Cartwright gets it right inside as well as out - what its like inside his characters' heads- particularly Charles - is observed in great depth and detail, and in graceful language that isn't too decorative. There is a wonderful early scene - an argument between husband and wife when first she ruins a recipe from a cookbook and then he goes for fish and chip take away and fails to bring back two pieces:
"I definitely ordered two. Definitely. Six pounds and eighty pence."

He reaches into his pocket to inspect the change, but he can't find it.

"You have it. I"ll have a sandwich," she says.

"No, you have it. I'm not hungry, I ate a lot of nuts. I'll just have the chips."

"We'll divide it and I will get a few tomatoes."

"You have it."

"Look, I'll just cut it in half like this. It's a big one."

"I don't fucking well want it."

He gets up from the table and catches high thigh and hobbles towards the living room, which in daylight has a view all the way down to the bay, and he turns on the television. She sits looking at the fish. She's divided it quite neatly. The batter is strangely crisp and bubbly and there is a large gap between it and the fish. The flesh is grey, with an indigo stain where the skin has been removed. Now she can't eat, as though all fish, even this unreformed, solid cod, are reproaching her. She begins to cry. She knows that Charles will appear soon and she tries to stop herself.

"I'm sorry, darling," he says from the doorway. "I'm a silly old cunt. Let's just picnic on what we've got. All right? I'm a little tight too. The dome chappie insisted on buying me a large Jack Daniels, which is from Tennessee."

He sits down; the fish is fine, and with the chips and a few small, cold, hard tomatoes, more than enough. But they have both failed in their own fashion, in the fish department.

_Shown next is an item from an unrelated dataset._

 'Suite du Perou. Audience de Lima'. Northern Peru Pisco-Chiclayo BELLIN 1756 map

He captures the details in things, like the fish batter and hard tomatoes, that, when people fail to connect with each other, suddenly become surrounded by utter emptiness. He also weaves together a most convincing family dynamic - switching between each of the family members - and yet not seeming to assume one perspective more fairly than another. While in prison, Juliet reflects on the relationship between her father, Charles, and brother, Charlie:
She saw now what her father had been getting at. She saws that he had feared the decay of beauty, the loss of innocence and the death of hope. He was saying you are born innocent and the whole fucking thing begins to go wrong immediately. Children are born not into desert - she had read - but into a living world. But Dad feared the living world. He was very sensitive to its injuries.

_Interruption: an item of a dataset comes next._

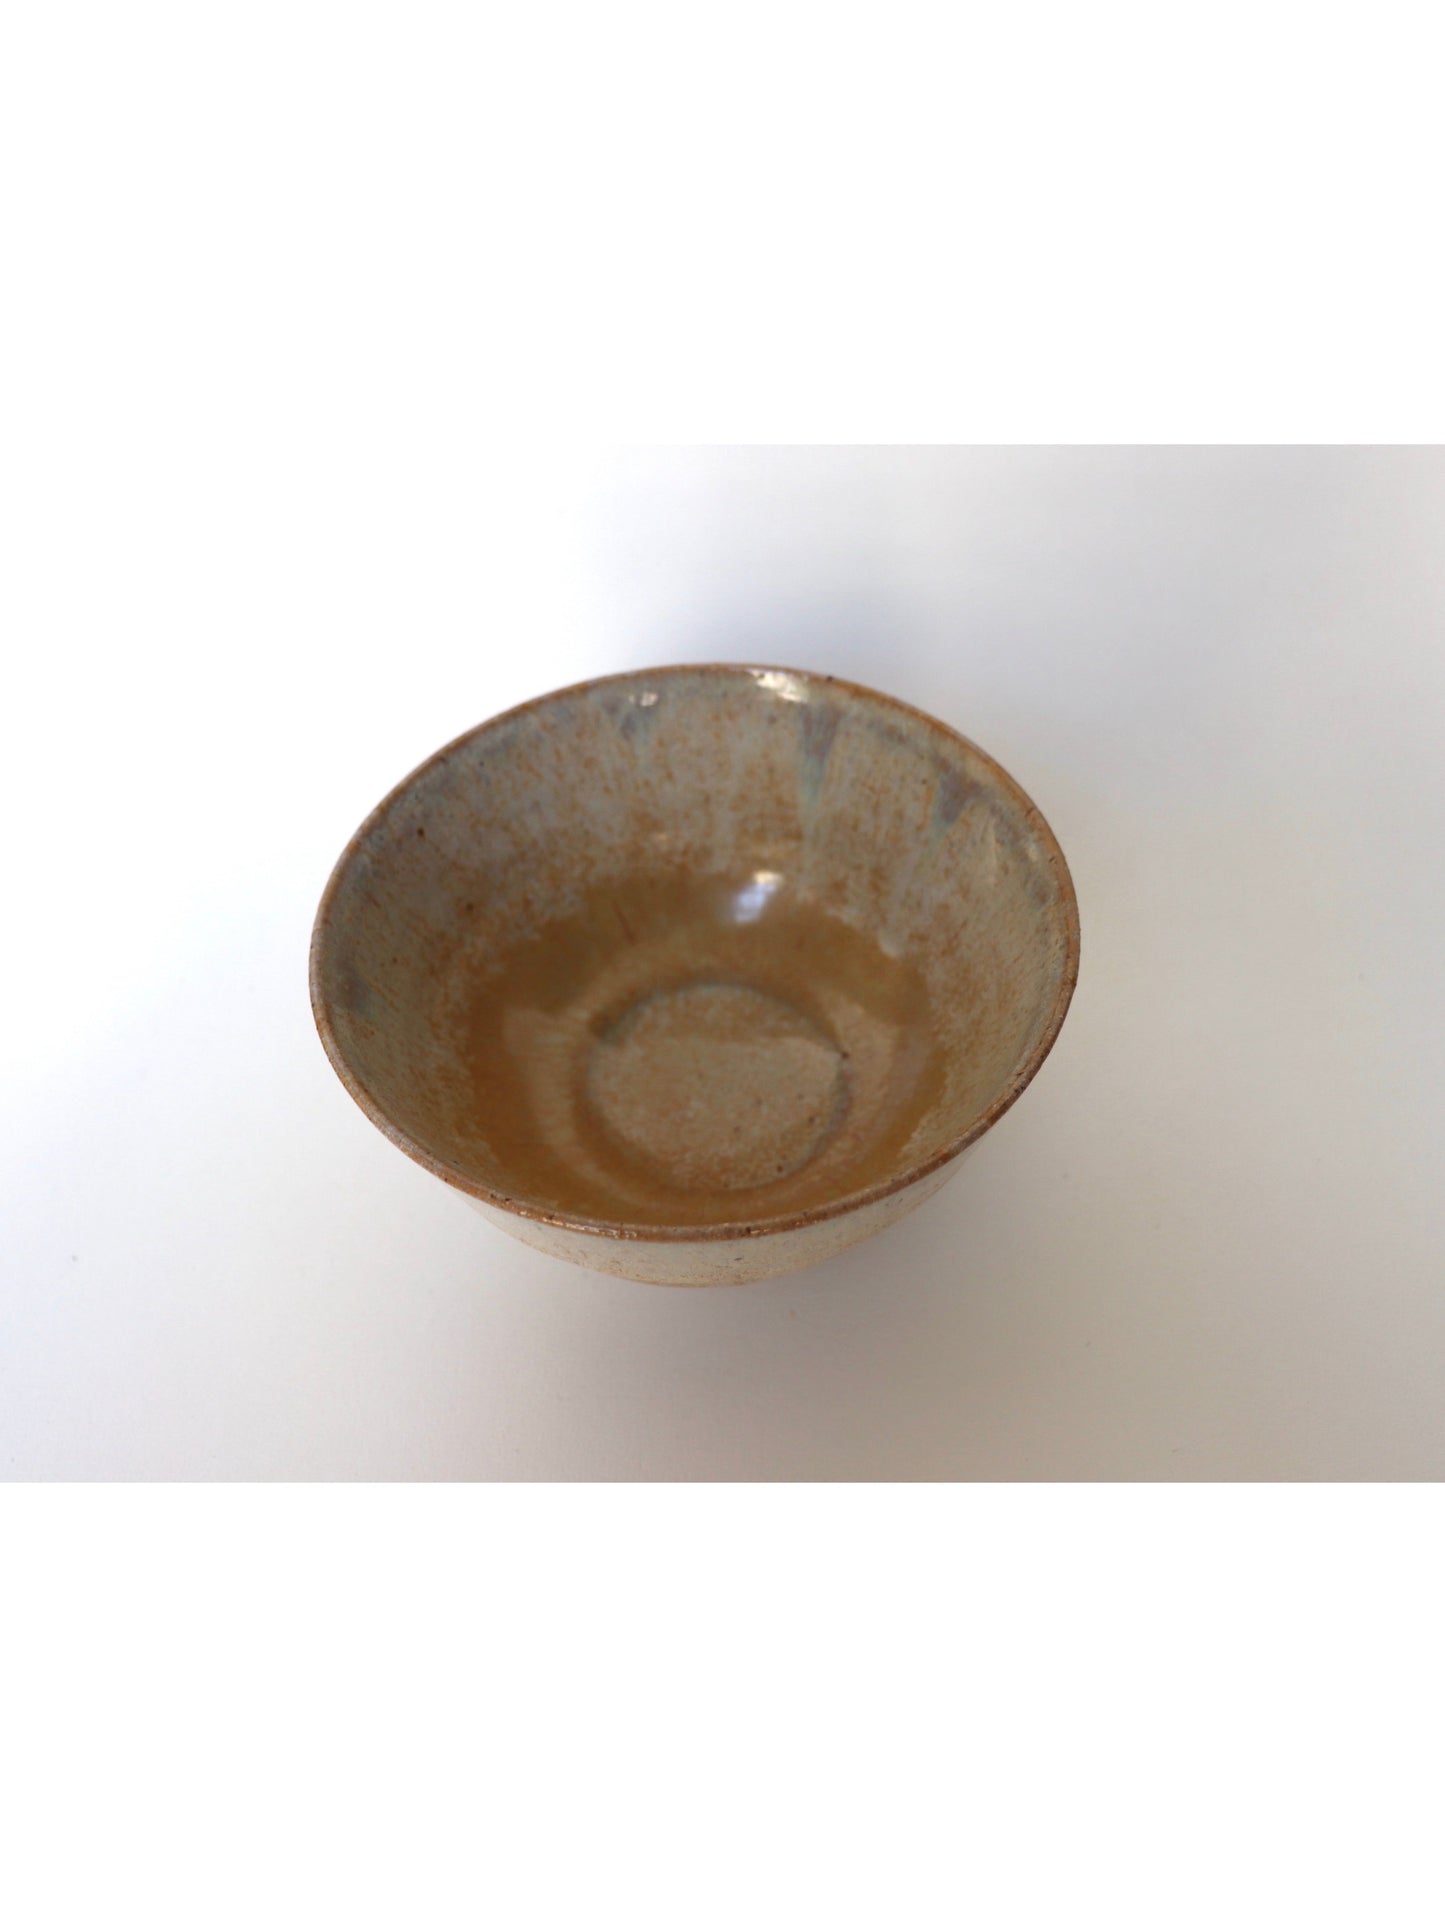 Matcha bowl / Mino-yaki Koubei "Shizenyu"

For instance, when Charlie's hair, still thick, began to thin at a young age, Dad suffered. His own hair, still thick, reproached him, so he had it cut short to remove any impression that he gloried in its flourishes. Only she knows why he cut his hair one day.

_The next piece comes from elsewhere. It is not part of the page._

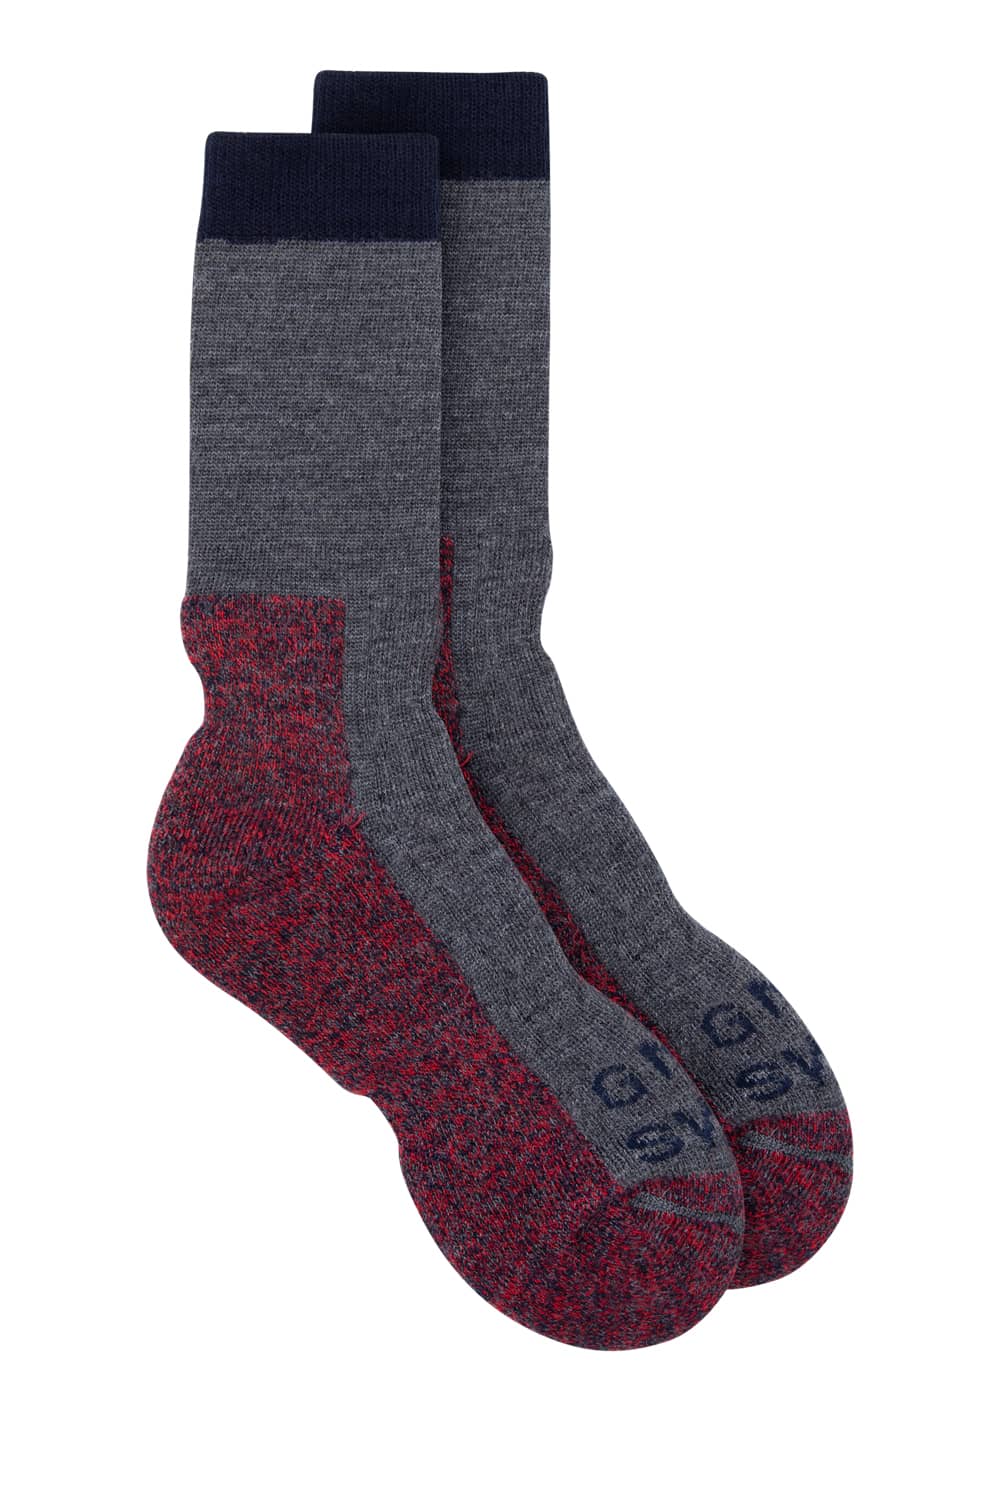 Merino Wool Gift Set Socks Black Lilac Marl in British Made

There are ways in which unusual circumstances seem to detach people from all sense of former security - everything is questioned - Cartwright captures that type of crisis beautifully. The narrator's voice is flowing and assured - contemporary, with a wit than shines through from time to time that reminds you that "this is the narrator's voice." Only the novel's time shifts feel a bit clunky to me, otherwise it is graceful and observant - satisfying reading.

1 comment:

Anonymous said...

I've read some good things about this book and considered adding it to my list. Actually I may have already added it, but if I haven't I'll have to think about doing so again.